*Records contained in a dataset*

☆ ☆ ☆ ☆ ☆

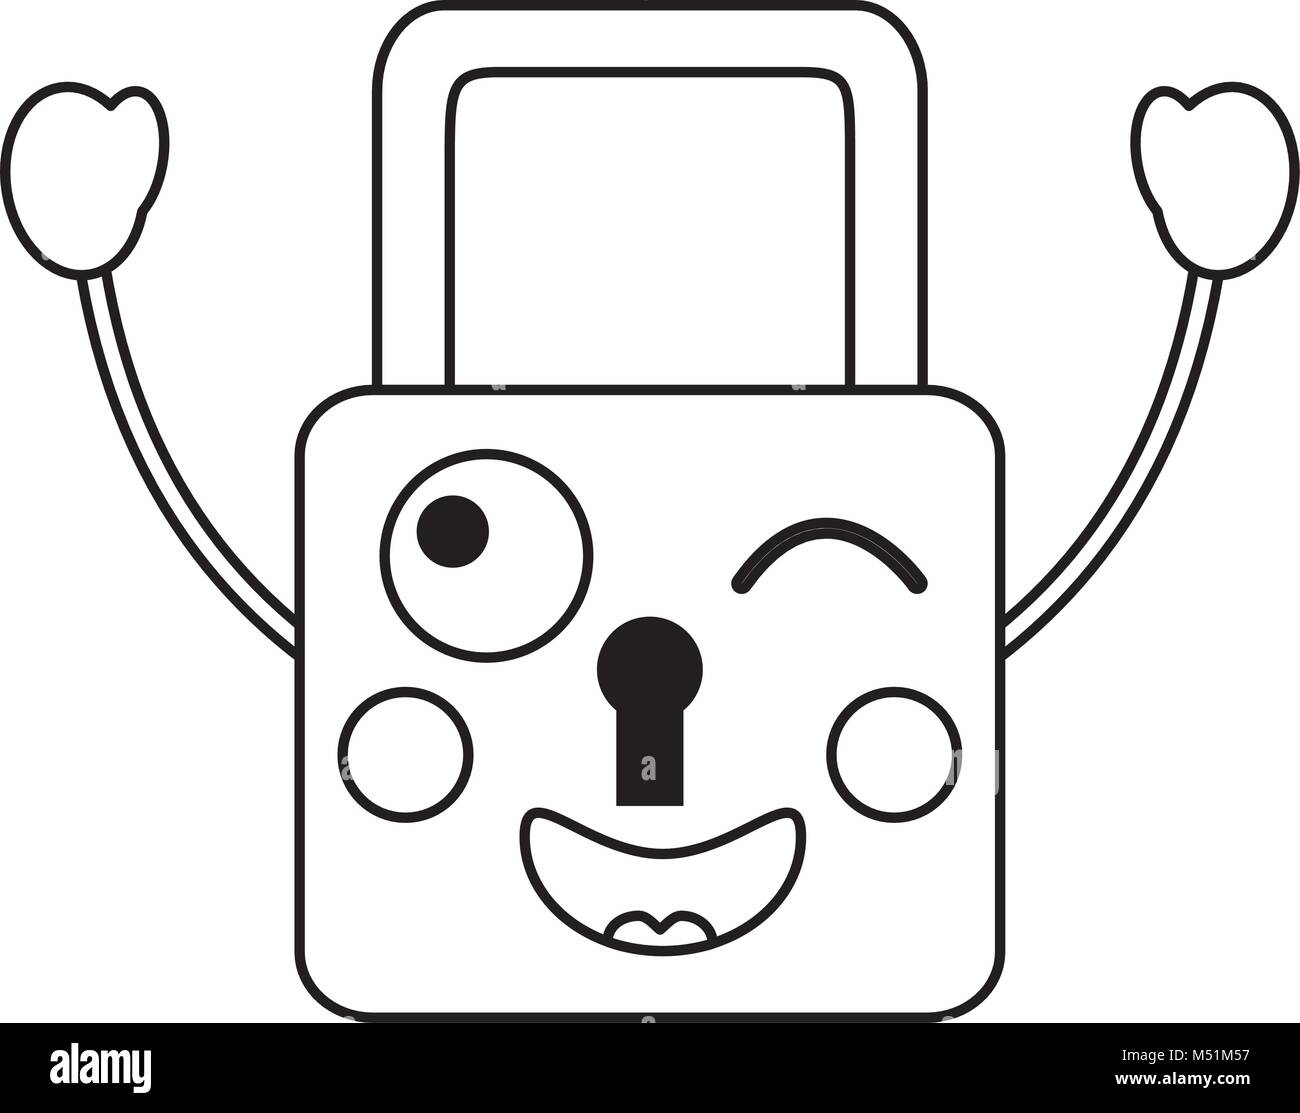 Key Joke Stock Photos & Key Joke Stock Images - Alamy
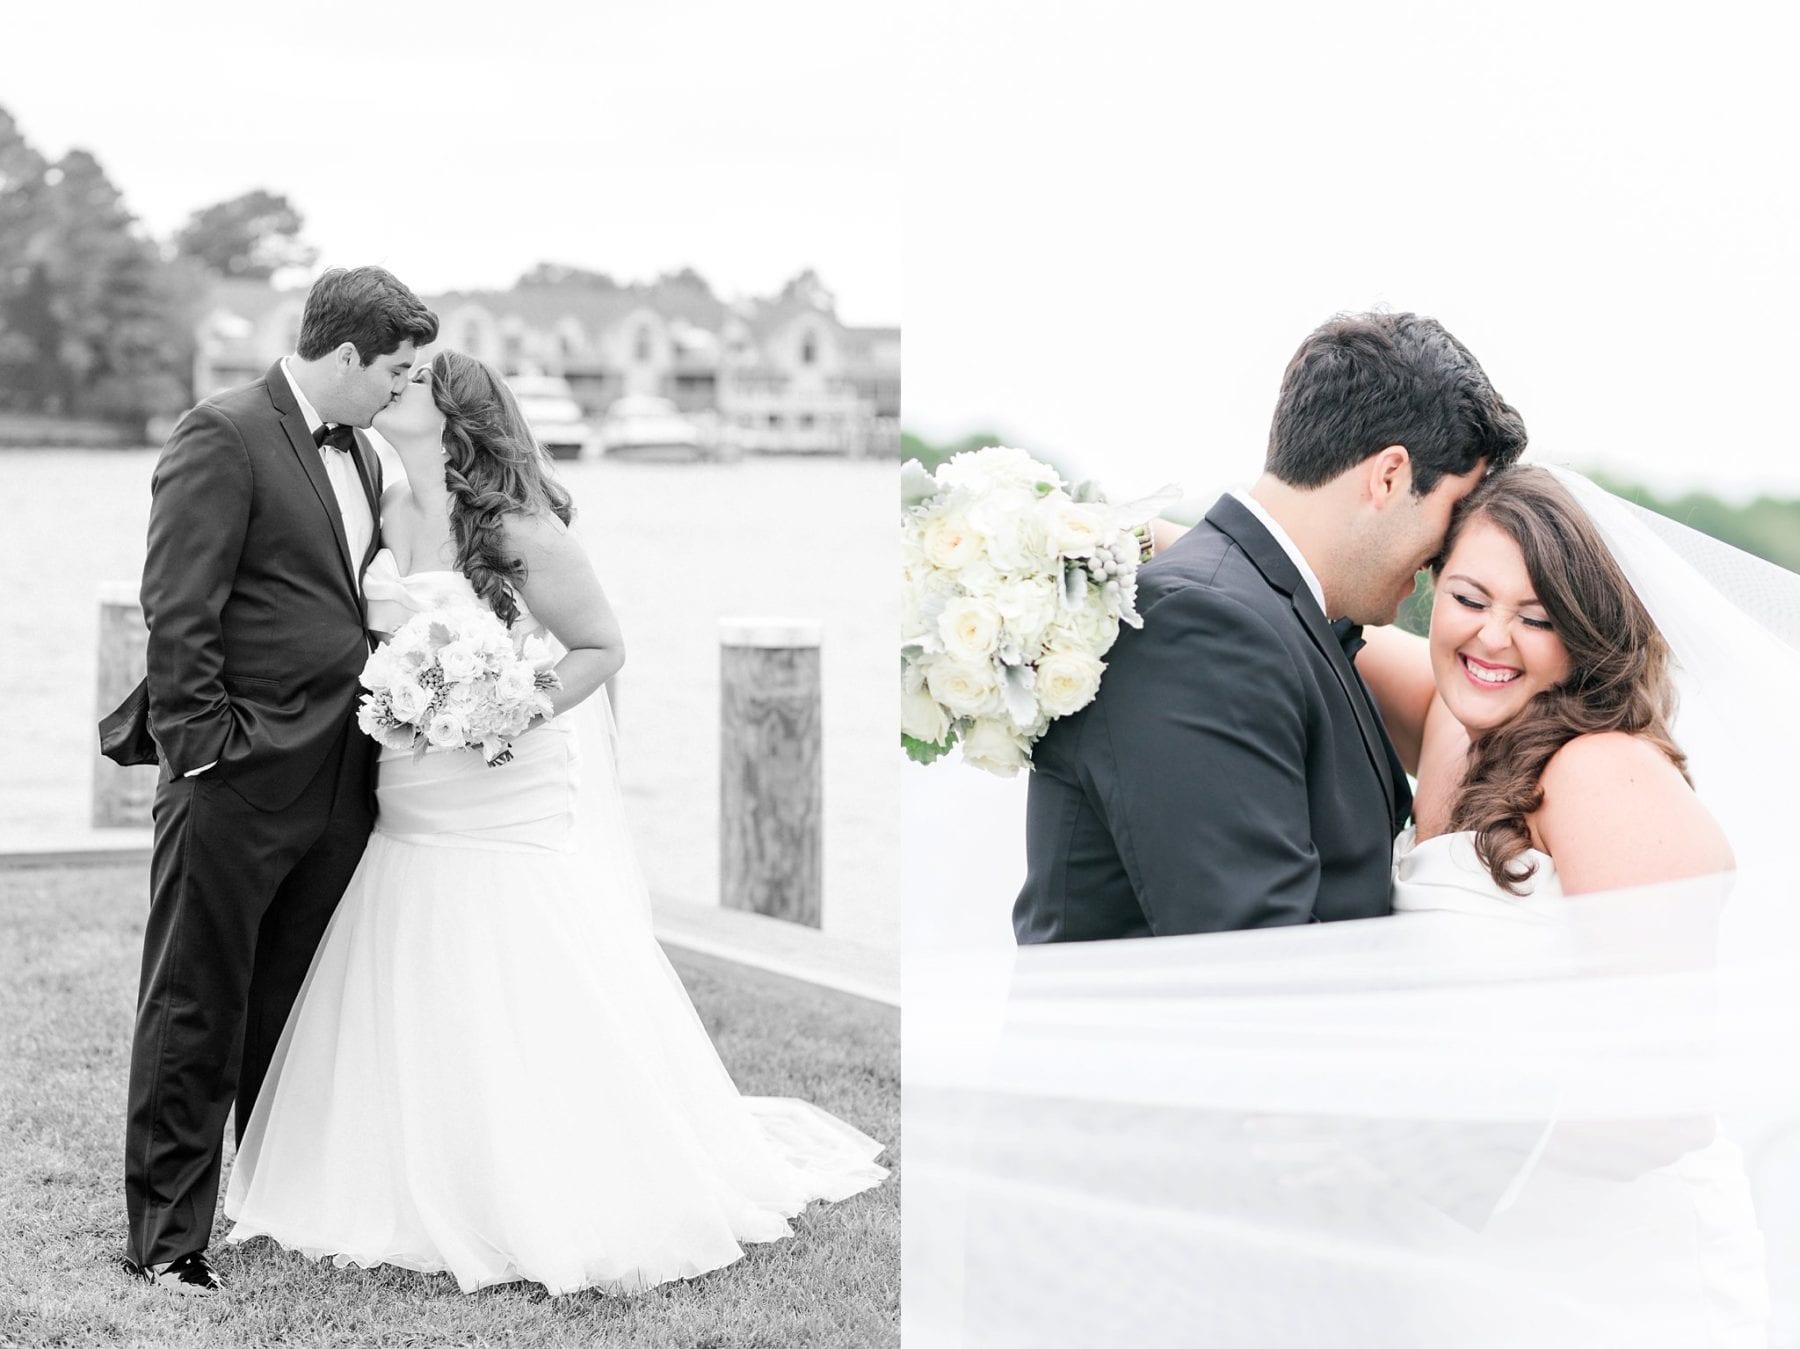 Chesapeake Bay Maritime Museum Wedding Photos Maryland Wedding Photographer Megan Kelsey Photography Halie & Mike-56.jpg
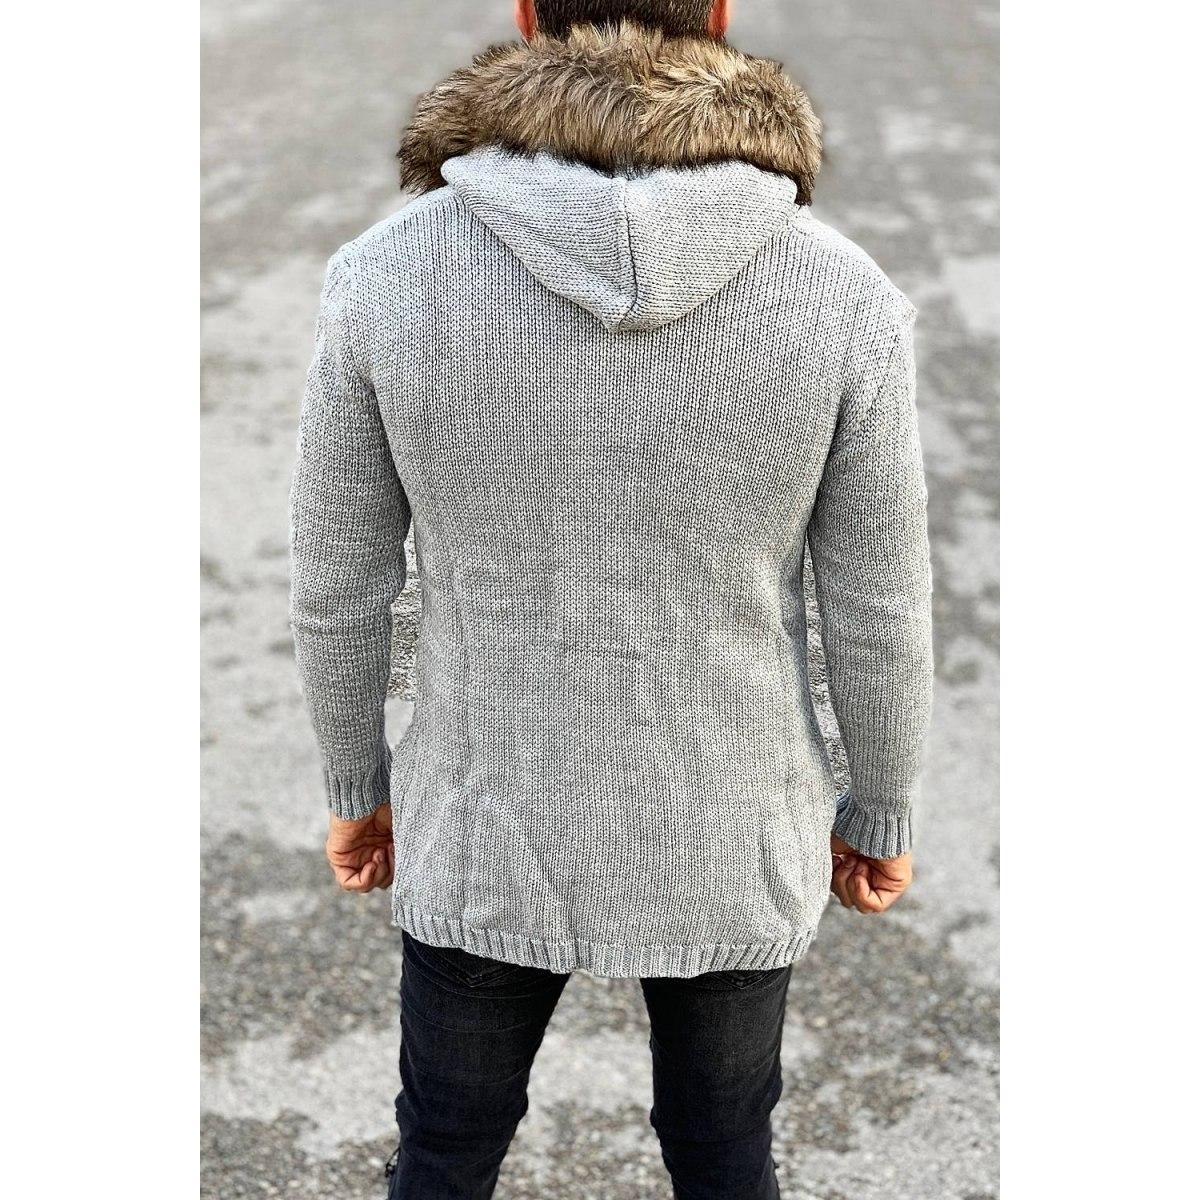 Rough Pattern Fur-Hood Cardigan Jacket in Grey Mv Premium Brand - 3
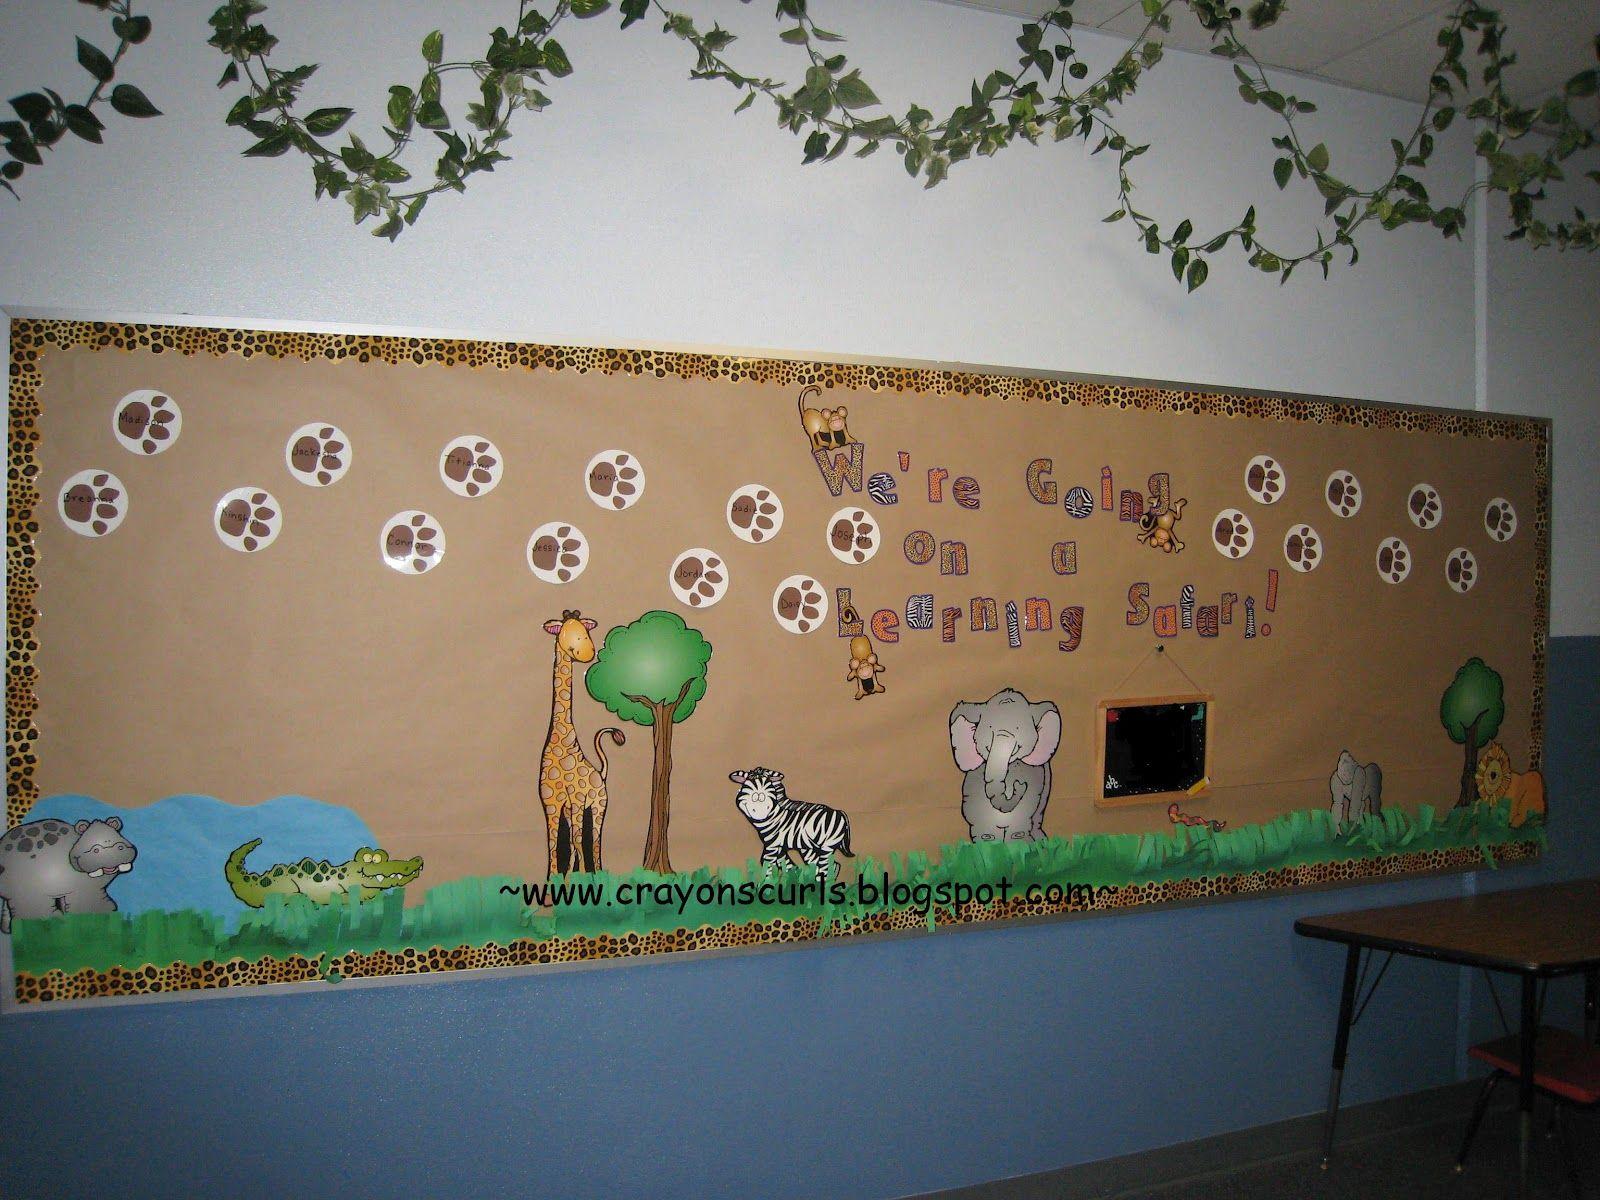 Google themes on safari - Back To School Safari Theme Bulletin Board From Crayons Curls
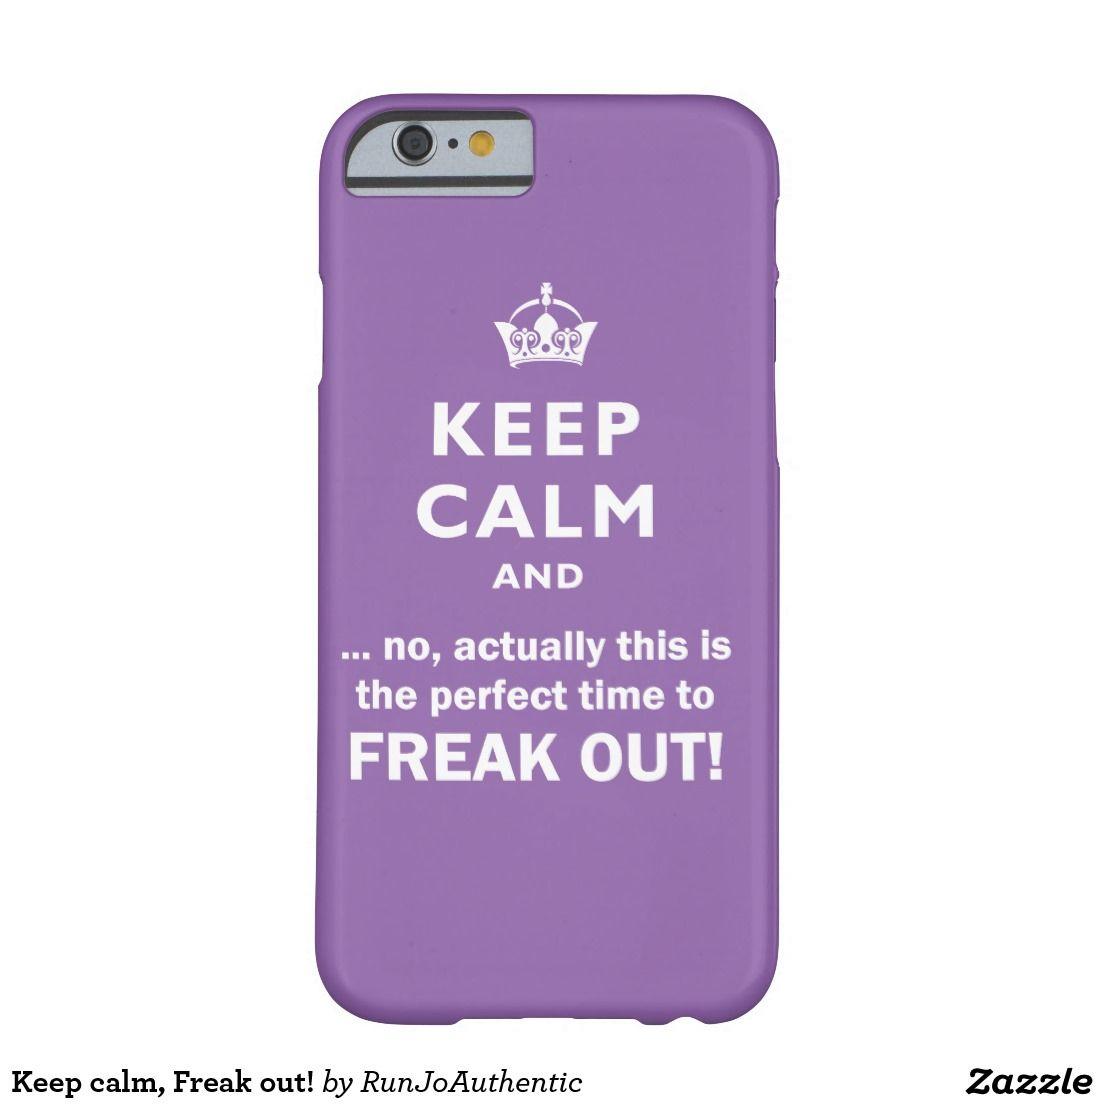 Keep calm, Freak out!

☆ ☆ ☆ ☆ ☆

Exact copies of the entries above are needed, with every picture removed.

*Answer box*
 Key Joke Stock Photos & Key Joke Stock Images - Alamy
 Chesapeake Bay Maritime Museum Wedding Photos Maryland Wedding Photographer Megan Kelsey Photography Halie & Mike-56.jpg
 Rough Pattern Fur-Hood Cardigan Jacket in Grey Mv Premium Brand - 3
 Google themes on safari - Back To School Safari Theme Bulletin Board From Crayons Curls
 Keep calm, Freak out!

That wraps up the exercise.